Red-Teaming / Adversarial Testing — Competence
What an interviewer or hiring manager expects you to know.
Core Knowledge
-
The OWASP LLM Top 10 (v1.1, 2024). The standard attack taxonomy: LLM01 Prompt Injection (direct and indirect), LLM02 Insecure Output Handling (XSS via LLM output), LLM03 Training Data Poisoning, LLM04 Model Denial of Service, LLM05 Supply Chain Vulnerabilities, LLM06 Sensitive Information Disclosure (PII leakage, training data extraction), LLM07 Insecure Plugin Design (tool use vulnerabilities), LLM08 Excessive Agency (agent takes unauthorized actions), LLM09 Overreliance (users trust incorrect output), LLM10 Model Theft. Know the top 5 cold — they’re the foundation of every red-team exercise.
-
Prompt injection attack classes. Direct injection (user overrides system prompt: “Ignore all previous instructions…”). Indirect injection (malicious instructions in retrieved documents, emails, web pages — the model processes them as instructions). Jailbreaking (bypass safety training: DAN prompts, role-play escalation, Base64 encoding, language switching, multi-turn gradual escalation). Payload injection (embed executable content in LLM output: markdown image tags for data exfiltration, SQL injection via LLM-generated queries, XSS via LLM-generated HTML). Know the difference: prompt injection targets the system, jailbreaking targets the model’s safety training.
-
Red-teaming tools. NVIDIA Garak (automated LLM vulnerability scanner — probes for prompt injection, jailbreaks, data leakage, toxicity with 1000s of attack variants; the “nmap for LLMs”). Promptfoo red-team mode (
promptfoo redteam— auto-generates adversarial inputs based on your system’s purpose and tests them). Microsoft PyRIT (Python Risk Identification Toolkit — red-teaming framework for multi-turn attacks, orchestrated adversarial conversations).

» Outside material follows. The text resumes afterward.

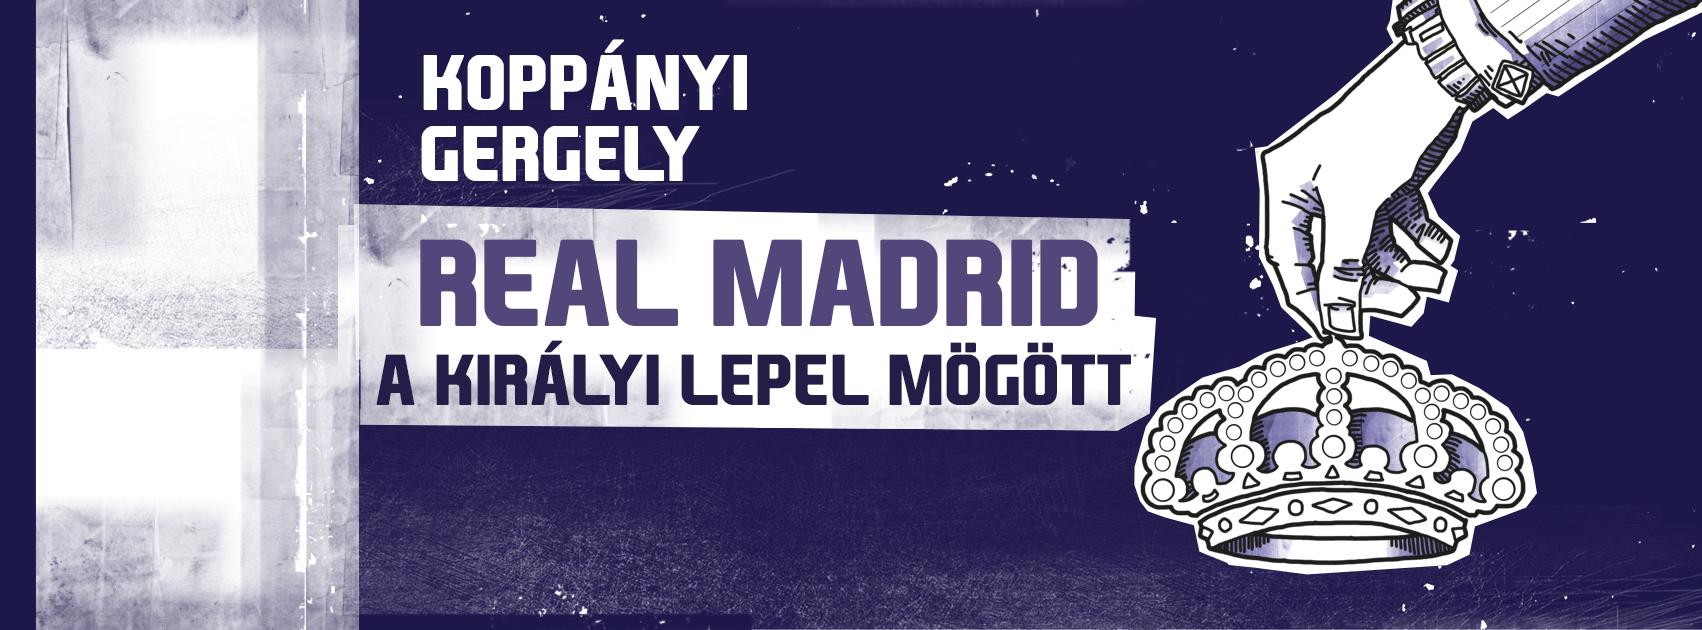 Real Madrid: A királyi lepel mögött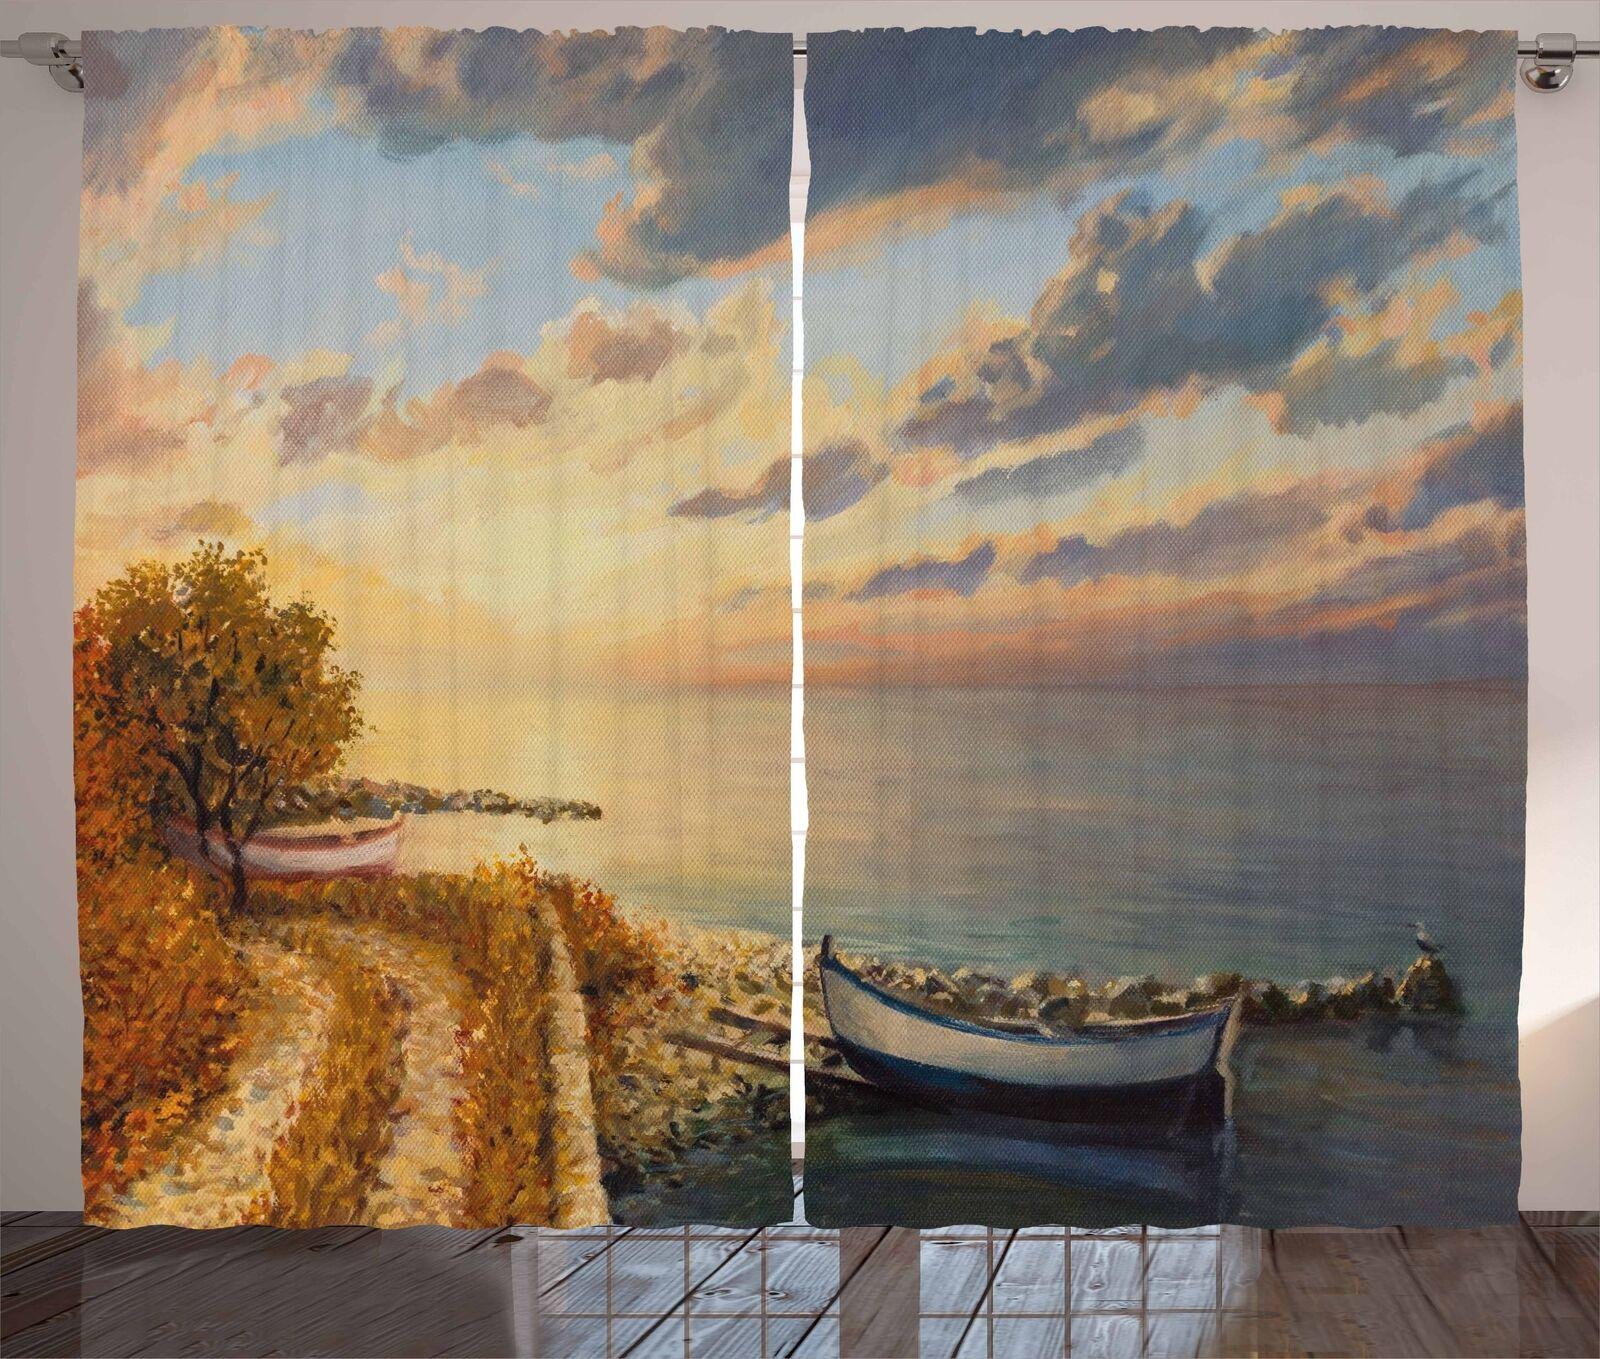 Cortinas de arte romántico amanecer por mar Ventana Cortinas 2 pulgadas Panel Set 108x84

HarmBench (benchmark for evaluating attack/defense pairs). Adversarial Robustness Toolbox (IBM — adversarial ML attacks/defenses). PromptInject (academic tool for testing prompt injection defenses). -
Attack methodology. Reconnaissance (understand the system: what model, what tools, what guardrails, what the system prompt says), automated scanning (run Garak/Promptfoo red-team for broad coverage of known attack patterns), manual probing (creative attacks that automated tools miss: context-specific social engineering, domain-specific exploits, multi-turn strategies), finding discovery documentation (severity classification, reproduction steps, impact assessment), and regression test creation (every finding becomes an automated test that runs on every change).
-
Severity classification for AI vulnerabilities. Critical: PII/data exfiltration, unauthorized actions with real-world consequences (agent sends email, deletes data), safety-relevant harmful output (medical advice, weapons instructions). High: system prompt extraction, persistent jailbreak that bypasses all guardrails, consistent generation of harmful content. Medium: intermittent guardrail bypass, information disclosure about system architecture, output manipulation that could mislead users. Low: cosmetic policy violations, theoretical attacks that require unrealistic preconditions.
Expected Practical Skills
- Run an automated red-team scan. Configure and run Garak or Promptfoo redteam against an LLM application. Interpret results: which attacks succeeded, what’s the success rate per category, which findings are real vulnerabilities vs. false positives.
- Conduct manual prompt injection testing. Systematically test: direct injection (override attempts), indirect injection (malicious content in RAG sources), output manipulation (force specific output format/content), tool abuse (trick the model into calling tools with unintended arguments), and multi-turn escalation (gradually build context to bypass safety).
- Write a red-team report. Document: findings with severity, reproduction steps, affected components, recommended mitigations, and timeline. Follow standard security reporting format — this is a deliverable enterprise buyers and regulators expect.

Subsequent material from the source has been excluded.